I’ve had a hard time lately, trying to figure out what I was going to post about. It’s like I lost my “blogging mojo” so to speak. With so much going on in my life right now, I’ve kind of stepped back. While I have pretty much laid it all out there for all of you to take this journey with me, I’ve found lately, I’ve been smacked in the face with some things that are to personnal to put out into my blogging world.
I guess, it’s because this blog has been written from my heart, and I truly don’t know what I am going to blog about, until I sit down at my computer. This blog has helped me to express, my feelings over some situations that are hard for me to go through. It’s become my outlet, so to speak.
I did not realize how much it meant to me, until last night. Yesterday, I was hit with a situation that tore me up. I wanted to blog about it, but, my internet went down last night at about 6 pm. We even called the Fisher Dude to come over and try to help us get it back up and running.
After being on the phone for umpteen hours, we were advised that the problem was at their end and not ours. Psst… Thanks to the NURSE for letting us kidnap her husband for a bit.
Yes, I said NURSE, The Nursing student is still a “student” so to speak, But at this time she has achieved her LPN, status, and is working towards her RN status. Her Father and I are very proud of her.
But yet again, I am sidetracked. Last night, when I could not blog, I wrote a letter in my notes, on my computer. I wasn’t quite sure what to do with it. I felt I had to write it, and I am a little hesitant with sharing it with y’all. I will do it, simply because, No One should feel this way. I am opening myself up, and I hope someone hears the message
“I am a tortured soul. I received a phone call this morning that has torn me in two. Sometimes, a Mother does not know what her child needs, and we get all torn up inside and only hope and pray we know what to do. Me? Nope, I have no idea at this point.
I got a phone call this morning from my youngest son. I was a little startled. “Mom, I saw Dad this morning”. Uhmm “what?”
Let me just advise y’all that “Dad” committed suicide about 3 years ago.
“What the heck are you talking about?” I asked, fear surrounding me. Yes, my youngest son tried to follow in his Father’s footsteps. I get chills just talking about it, and I am so torn I’m not sure what to do.

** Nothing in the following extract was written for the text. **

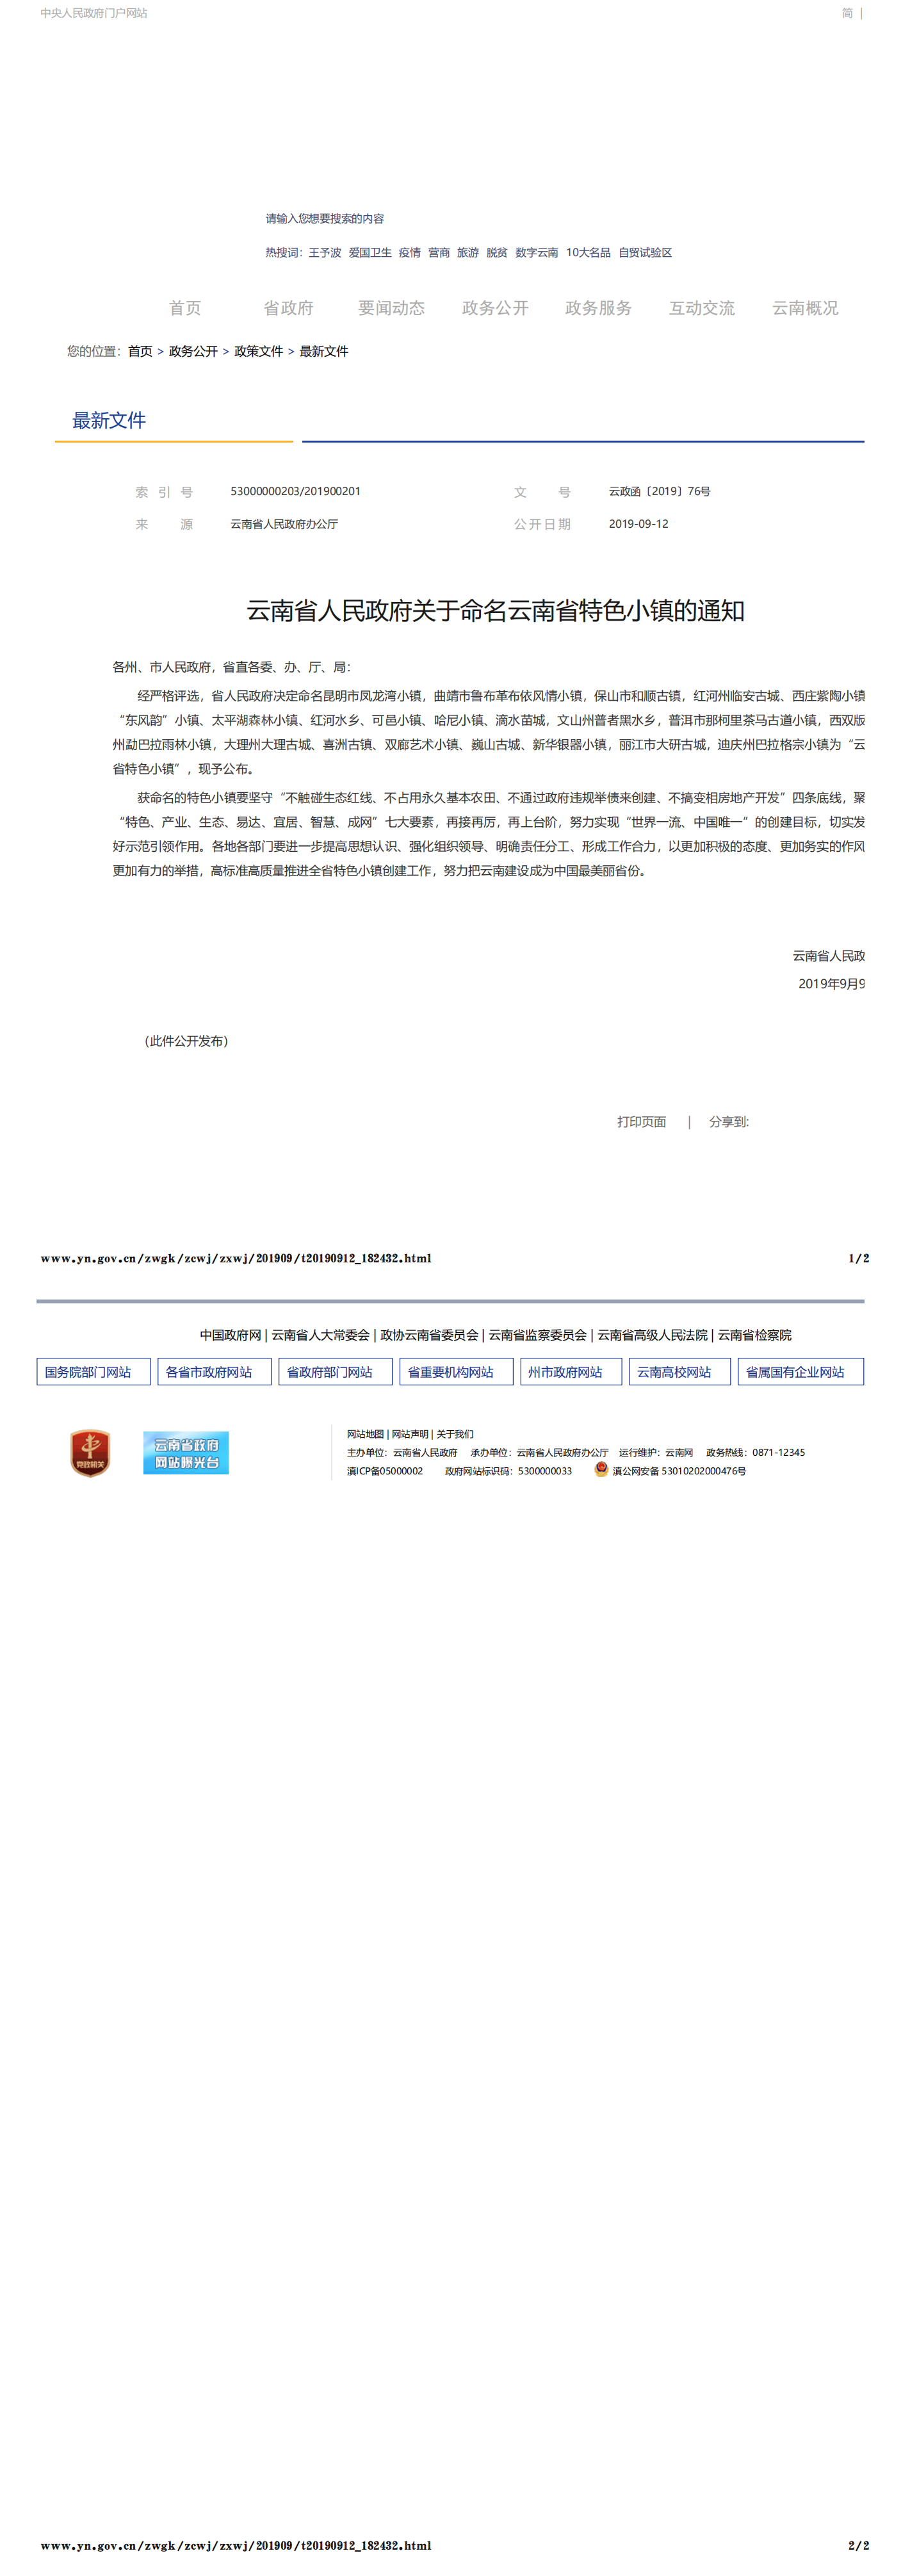 云南省人民政府关于命名云南省特色小镇的通知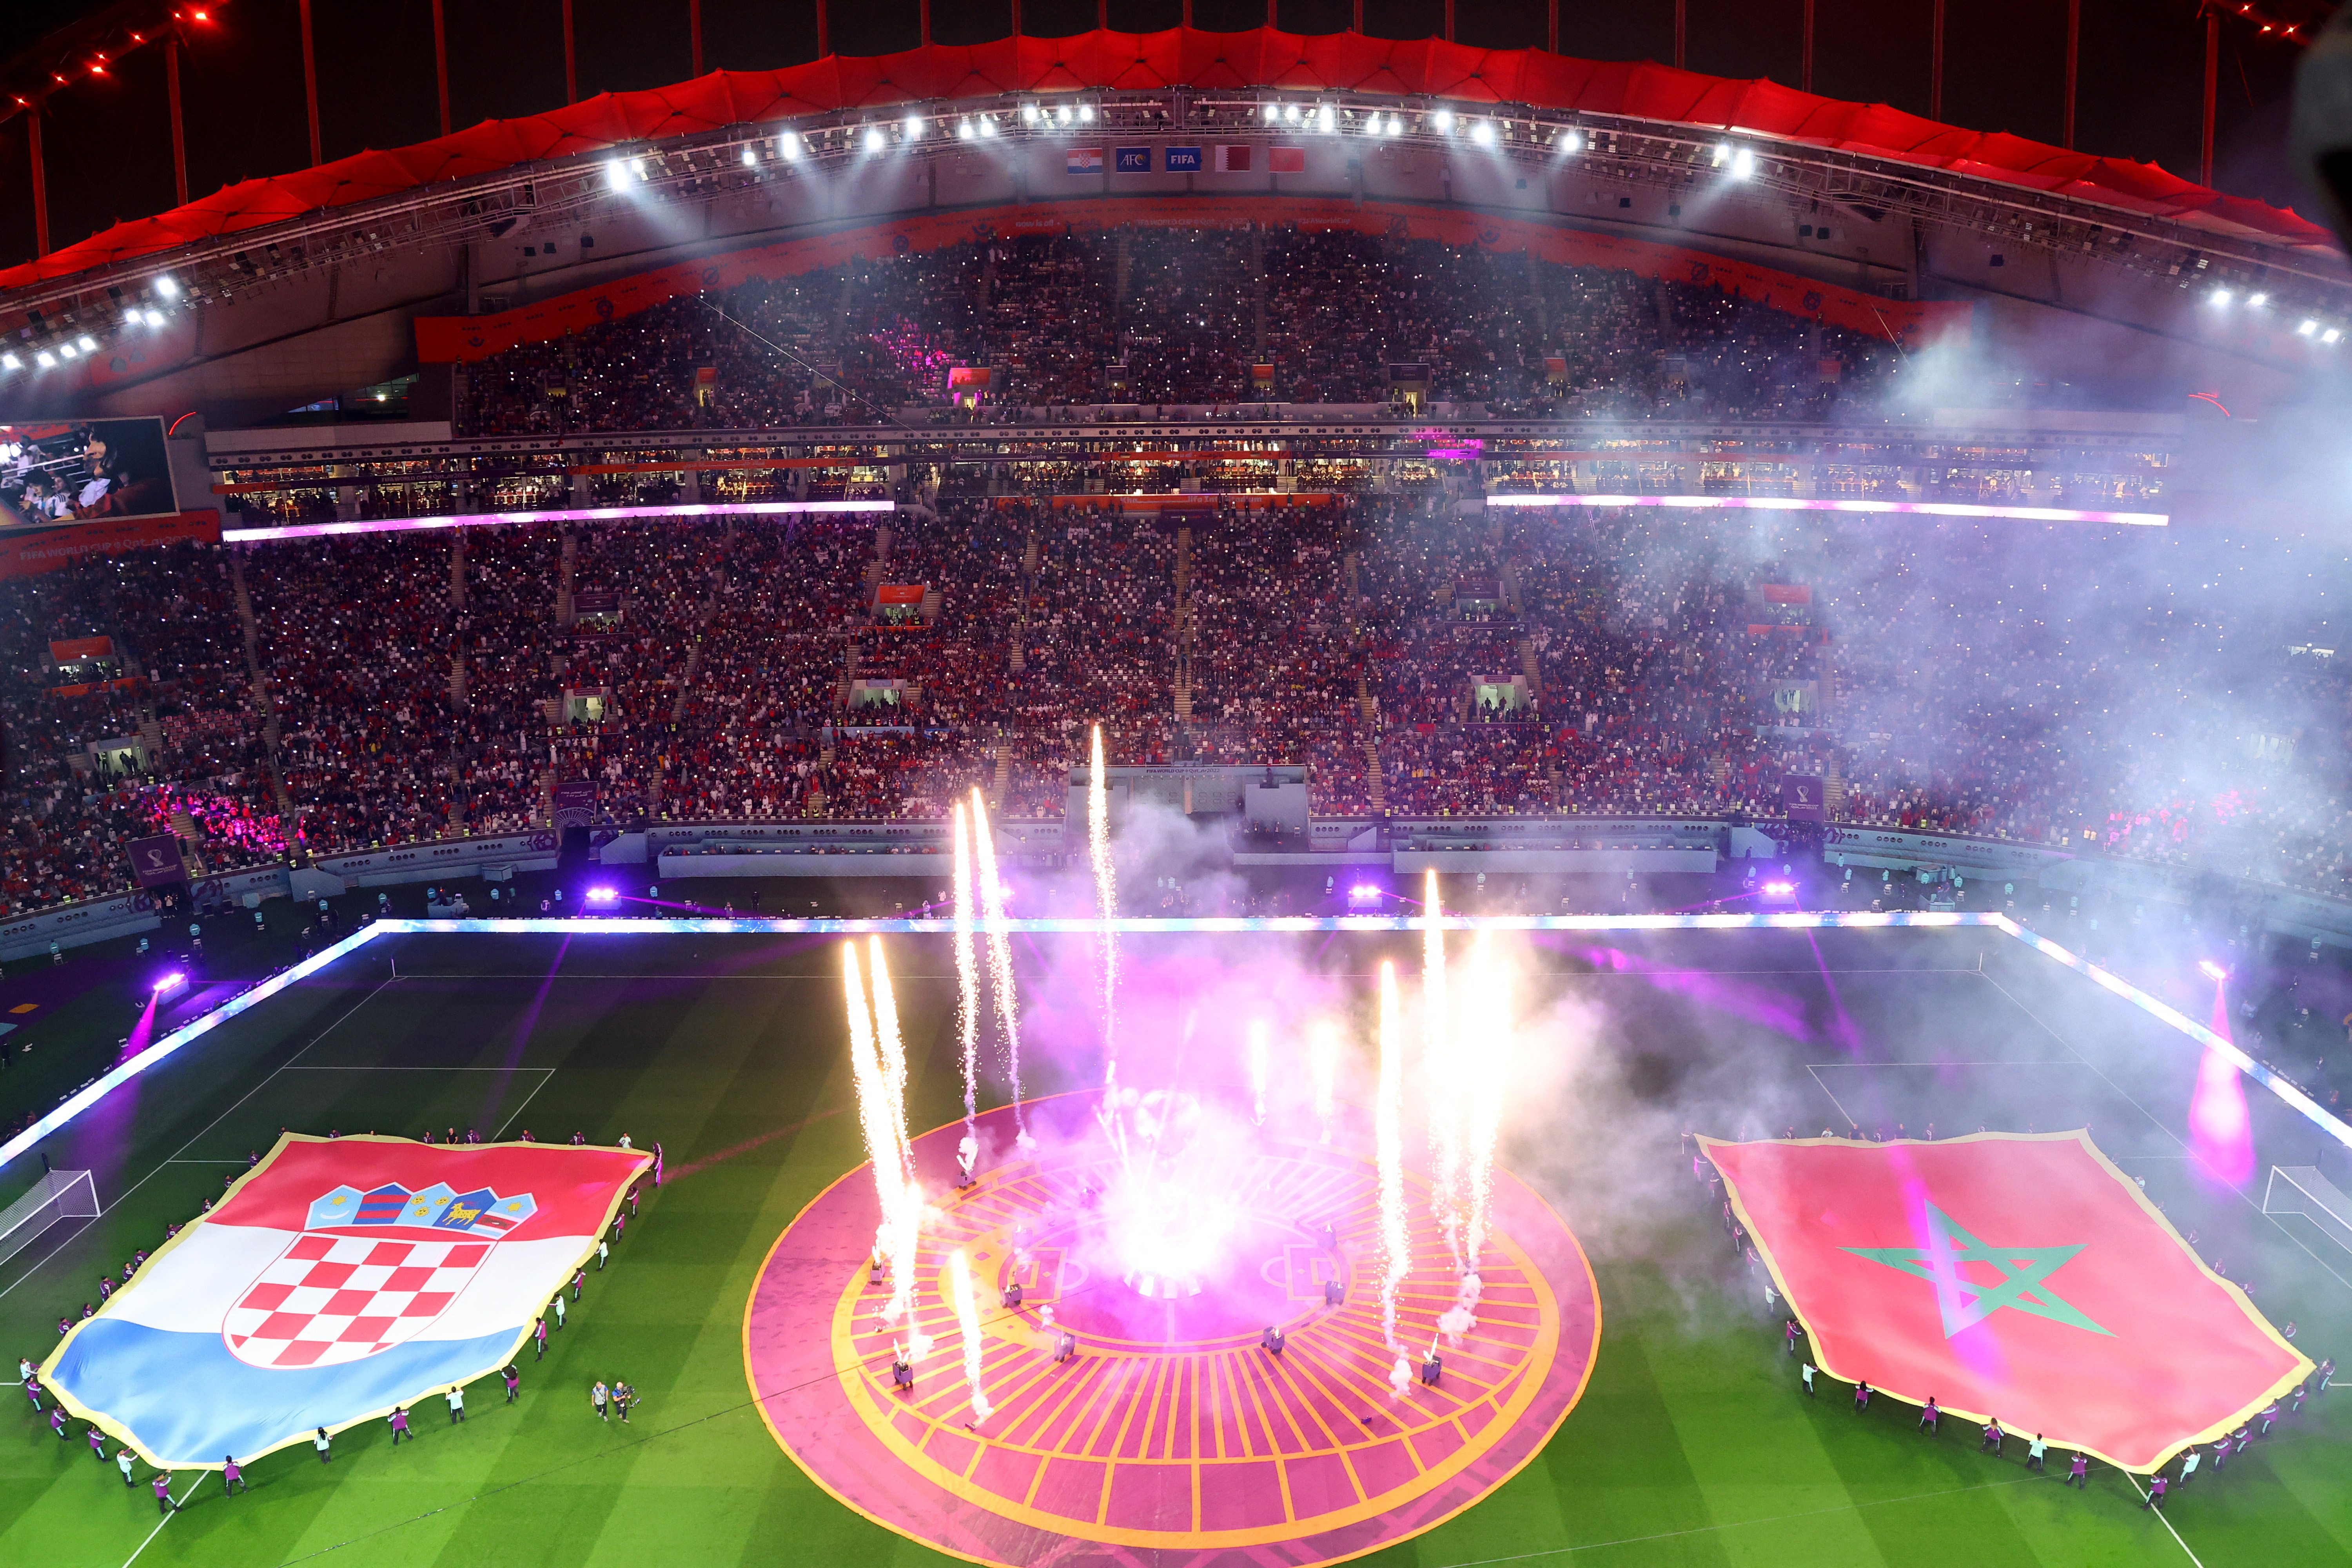 Show de fuegos artificiales en el Khalifa Stadium previo al choque entre Marruecos y Croacia por el tercer puesto del Mundial de Qatar 2022 (REUTERS/Fabrizio Bensch)

I gave him my faith, and told him over and over , “No, No, No”. I also told him, when he said it was unsuccessful, that God has oh so many plans for him.
I don’t know how to respond to this. I am totally floored, and am in unfamiliar territory. I don’t know what to say or
do to make it right. I’ve been told by other’s it’s not up to me to make it right.
I’m praying so hard right now, I can’t even begin to tell you. The Electrician has asked me all day if I am okay. I don’t think I am. I am not trying to put myself on the pity pot, I am a very strong person. I am lifting the whole situation up to God, and am praying fiercely that he will take care of my son. I’ve also prayed to my son’s Father. Don’t let him follow in your footsteps.
I have faith, and I am floundering. I realize that I like to control situations, and I have accepted the fact there are some situations I cannot control.
I’m not trying to control this one, because simply I have accepted I have no control, But, at the same token. God take care of my Baby, and let him know there are always other answers, than ending his life. While there is pain, let him know that He is loved, by YOU and also by me. Amen.
I learned a long time ago, that it is going to get worse before it gets better, but at the same token. I believe.
I have typed this tonite into my notebook, simply because I am having internet problems, if I choose to print this when I get my internet back, well…okay, if I choose not to, well okay.
But I have learned some things through my blogging, and that is I have to write about the emotion before it eats me up and spits me out.
This one is a slow killing me softly so to speak. Because truly I do not know how to act, or react, or just be. This one has hurt me, that my Son feels he cannot go on.
I’m angry, hurt, frustrated, and so very sad. That the only legacy or message my ex-husband could leave my kids, was if it gets tough, and hard to live through life, then end it.
What the heck kind of message is that? Jimney Christmas, life is hard, sometimes it truly sucks, but you keep on plugging and go through it.
If you have pain, in your life, fix it, or understand it, Don’t Give up.
To my Son, I say this, You are so much more than you give yourself credit for. You’ve had a hard burden you have carried, LET IT GO, YOU are not your Father, YOU have a future, if you just open your eyes, and your heart, and forget all of the other BULLSHIT. I Love you with all of my heart, sometimes I cannot always come through for you, but please, do not kill me by ending your life.